Noteworthy Deaths

First actor to don rubber Godzilla suit

Haruo Nakajima, the Japanese actor who played the movie monster Godzilla in a dozen films and whose booming steps in a 200-pound rubber suit sent the denizens of Tokyo running into cinematic history, died Monday. He was 88.

His daughter, Sonoe Nakajima, said the cause was pneumonia.

Nakajima was a 25-year-old stunt actor with just four movies to his credit when he was cast in what are perhaps Japan's two most famous films of that era: Akira Kurosawa's masterpiece Seven Samurai, in which he had a bit part, and Godzilla, both released in 1954.

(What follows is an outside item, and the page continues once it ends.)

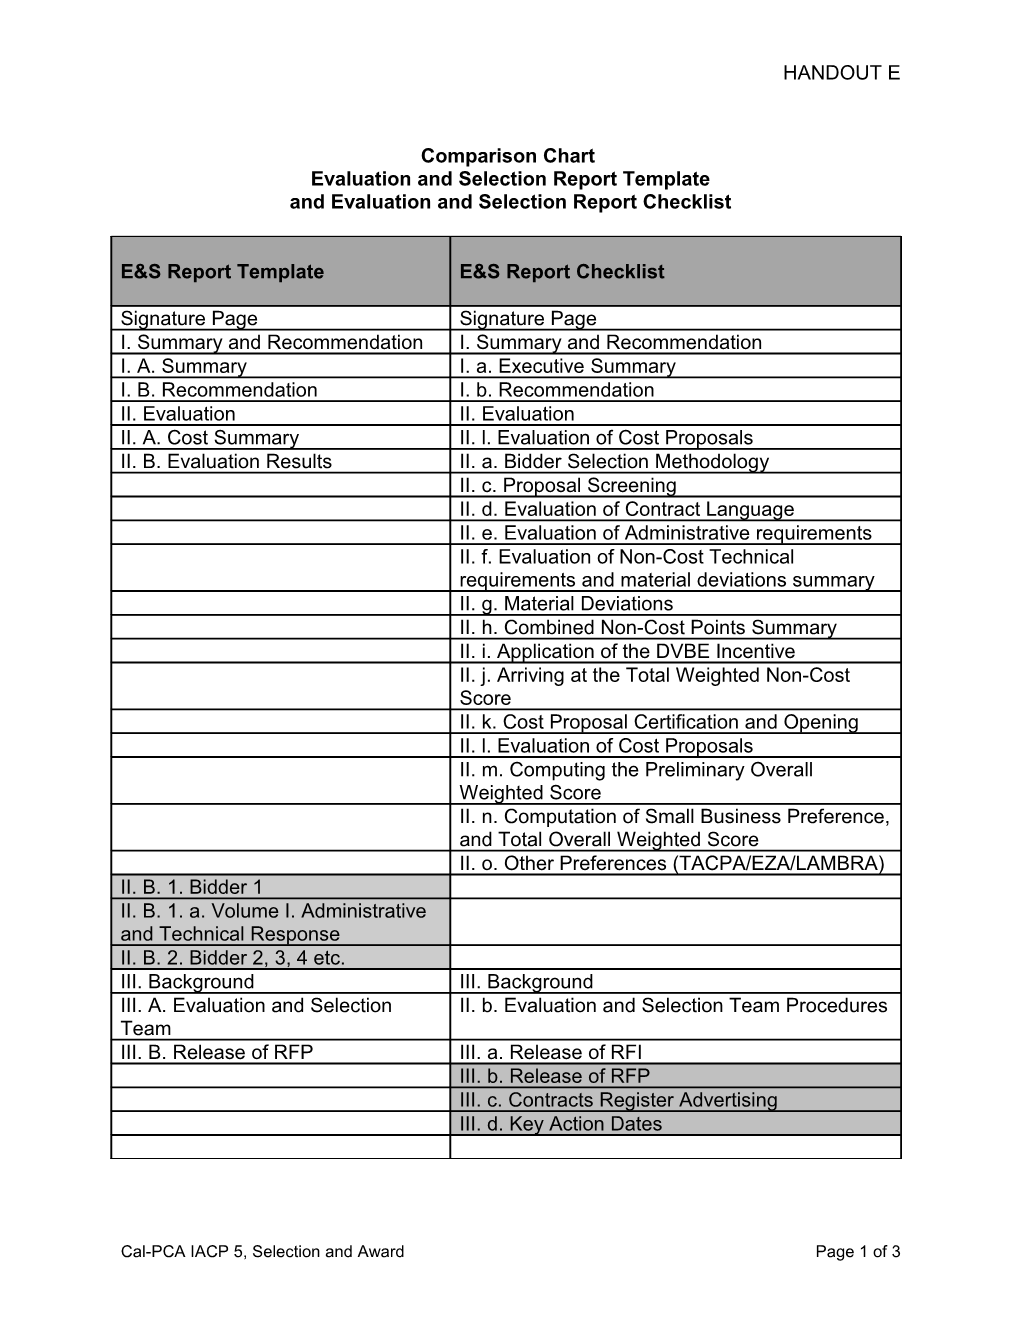 Evaluation and Selection Report Template

In Godzilla he played the titular character: a gigantic, irradiated lizard whose mutated form and destructive power wreaks havoc on Tokyo. The first movie in the Godzilla franchise, it was released nine years after the bombings of Hiroshima and Nagasaki as a not-so-thinly veiled fable about the dangers of nuclear weapons.

Nakajima would eventually put on the heavy rubber monster costume 12 times from 1954 to 1972 in a series of movies that became an international phenomenon.

The success of Godzilla kicked off Japan's golden age of tokusatsu, or "special filming" movies, in which rubber-costumed actors portraying colossal, terrifying creatures typically destroyed scale-model sets, creating illusions of reality that would one day be generated even more spectacularly by computers.

He recalled Godzilla's creator, Eiji Tsuburaya, who was the film's special effects director, struggling amid Japan's postwar shortages and rationing to find enough rubber and latex to construct the costume.

To perfect the monster's destructive gait, Nakajima spent hours at the zoo studying how elephants and bears walked. He wanted the monster to be believable, he said in interviews.

Nakajima was born on Jan. 1, 1929, in Yamagata, Japan. He was 16 when Japan surrendered to the Allies, ending World War II. His first credited acting role was in Sword for Hire, in 1952, when he was 23.

As a contract actor for the Japanese studio Toho, Nakajima starred in dozens of other monster movies, including King Kong Returns, a 1967 Japanese production in which he again played the title character, this time in an ape costume.

He retired from acting in 1973 and lived in a suburb of Tokyo.